Evaluating stochastic abiotic factors and their combined effects on fish and wildlife populations have been challenging in environmental sciences. Contributing to this challenge is the paucity of data describing how observations made on individuals related to exposure to chemical compounds ultimately effect population vital rates, and how this exposure interacts with other abiotic drivers. Using three smallmouth bass populations in Pennsylvania as a case study, we explored both single-factor and combined effects of water temperature, flow velocity and chemical exposure on populations through a model simulation. Although there are many pathways through which chemicals can affect population vital rates, we focused on one where chemical exposure leads to reduced reproduction. Among the three populations considered, two (the Juniata and Susquehanna populations) have experienced adverse health, including the potential adverse effects of environmental stress and chemical contamination that may cause disease and mortality of young-of-year (YOY), various skin lesions and a high prevalence of intersex or testicular oocytes in adults. The third population (The Alleghany population) has not encountered mortality events of YOY and intersex prevalence is much lower. The simulation involved projecting populations using a length-based model under different environmental conditions. In the simulations, abiotic factors influenced population dynamics through their impacts on growth, survival and recruitment. Response to the same environmental stress varied by population and life-stage of the species.
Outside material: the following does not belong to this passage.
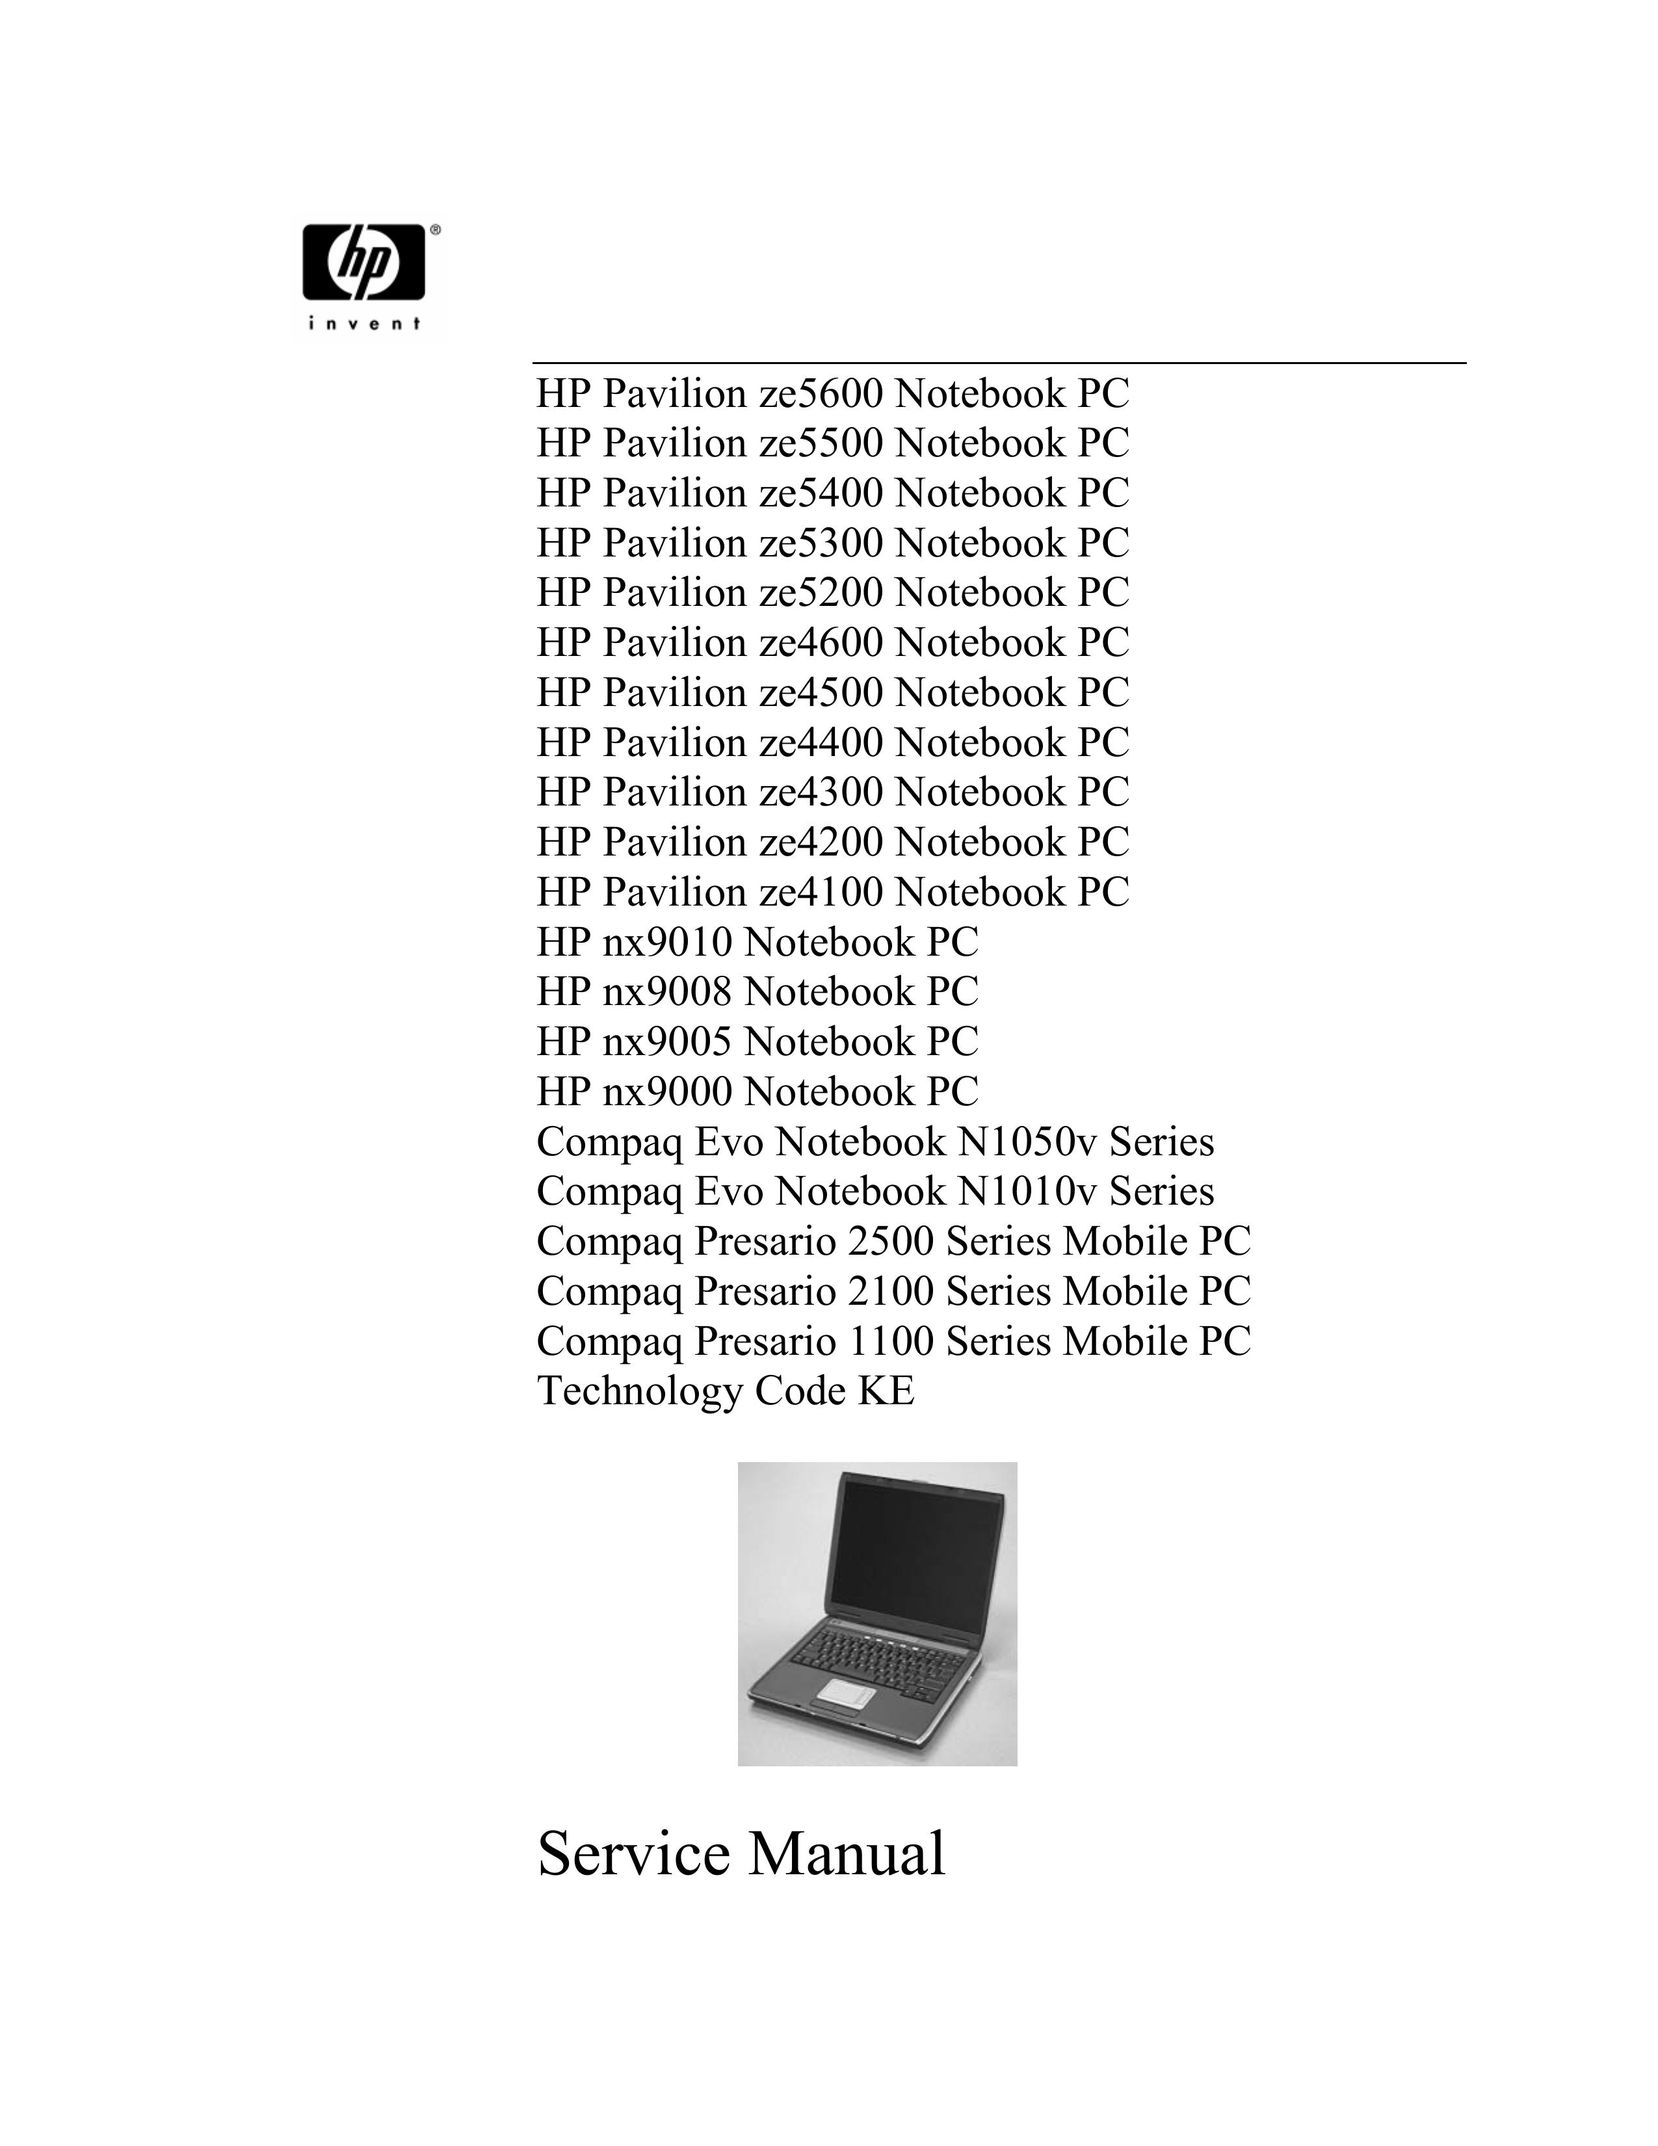 HP (Hewlett-Packard) NX9008 Tablet Accessory User Manual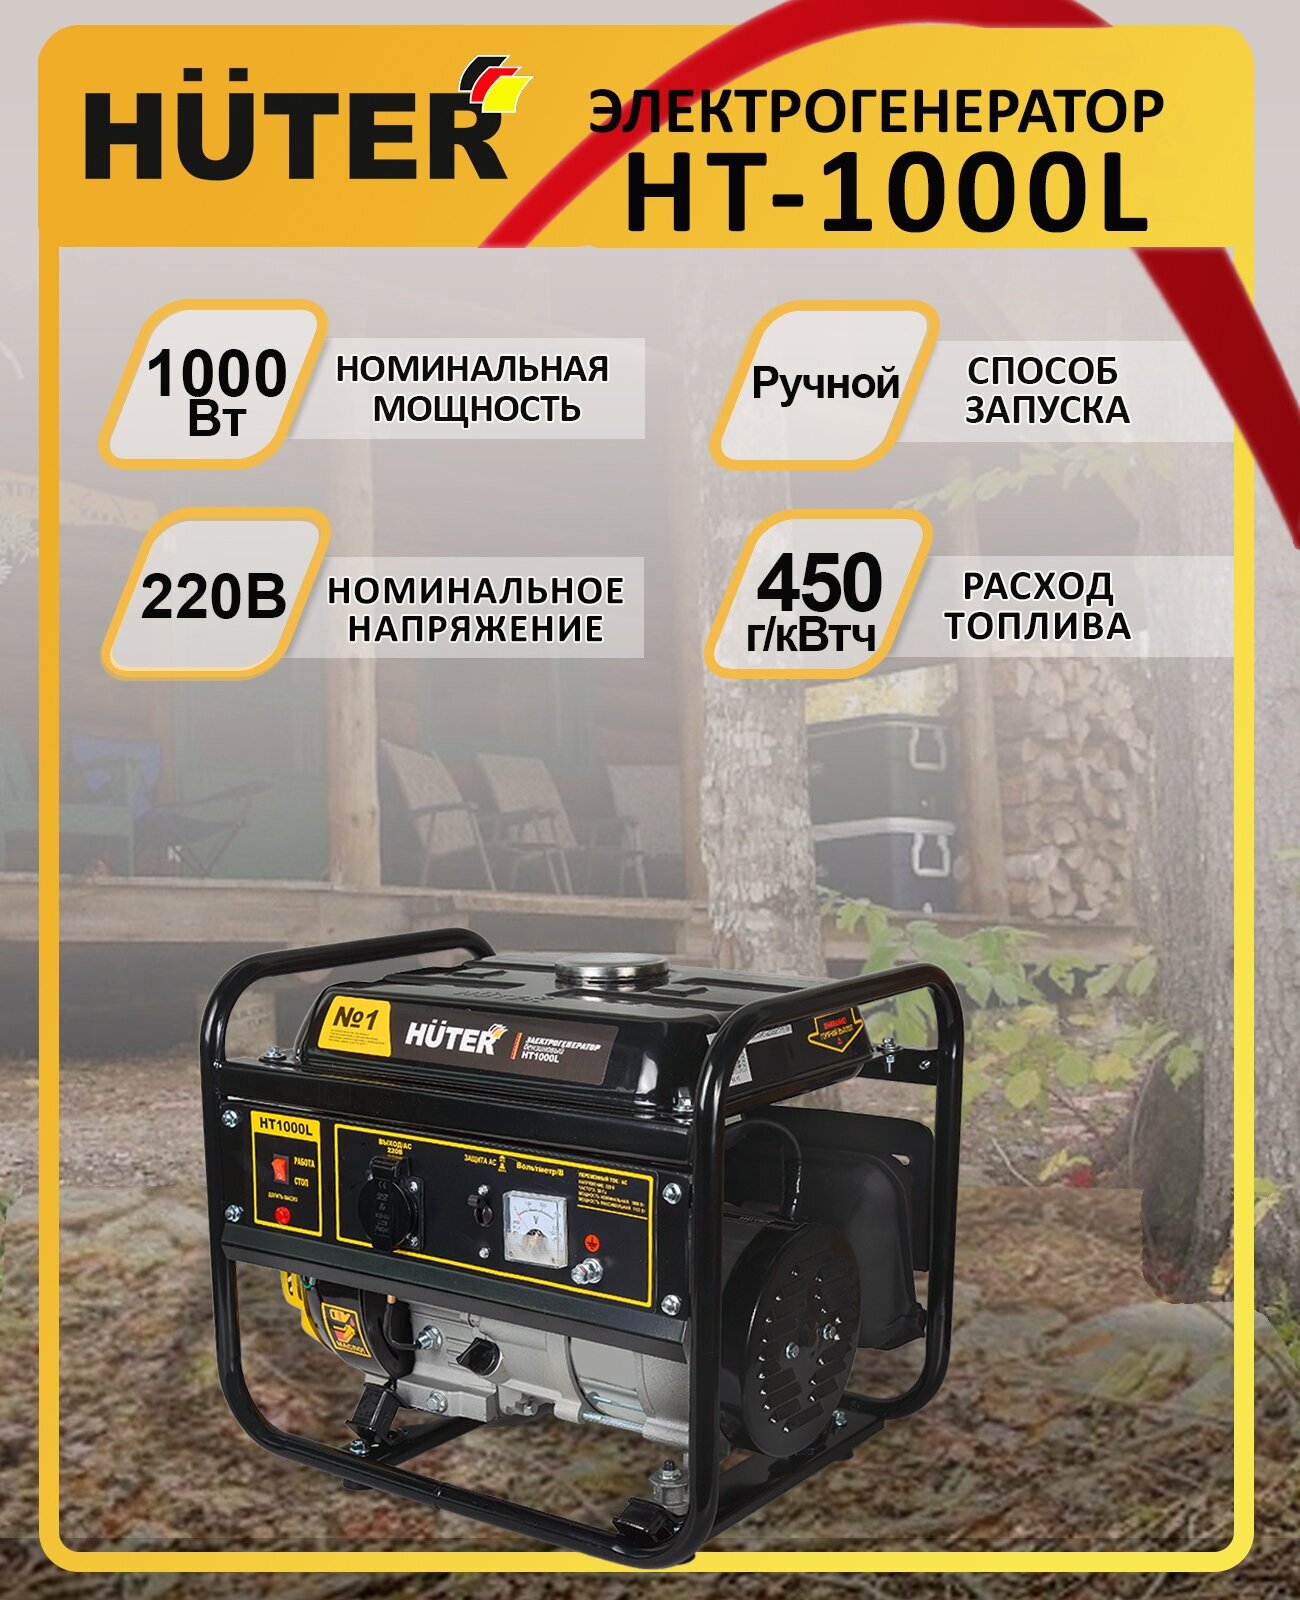 Электрогенератор HT1000L Huter - 4х тактный, 1000Вт (max 1100Вт)

Factors affecting young adult and adult life-stages had great influence on proportional stock density (PSD) and the probability of having PSD within the suggested range (PSD probability). Increases in water temperature had a negative effect and dominant role in the combined effect on population size structure (e.g., PSD and PSD probability) – increases in flow velocity during the spring season also had a negative effect on abundance. Populations with high recruitment rates sustained relatively large population size, even under high water temperature and/or high flow velocity, which suggests that factors and management strategies that benefit recruitment (such as reduced chemical contaminants) may compensate for the negative effects of warming water temperatures and high spring flow velocity on population size.

Suggested Citation

  • Li, Yan & Blazer, Vicki S. & Wagner, Tyler, 2018. "Quantifying population-level effects of water temperature, flow velocity and chemical-induced reproduction depression: A simulation study with smallmouth bass," Ecological Modelling, Elsevier, vol. 384(C), pages 63-74.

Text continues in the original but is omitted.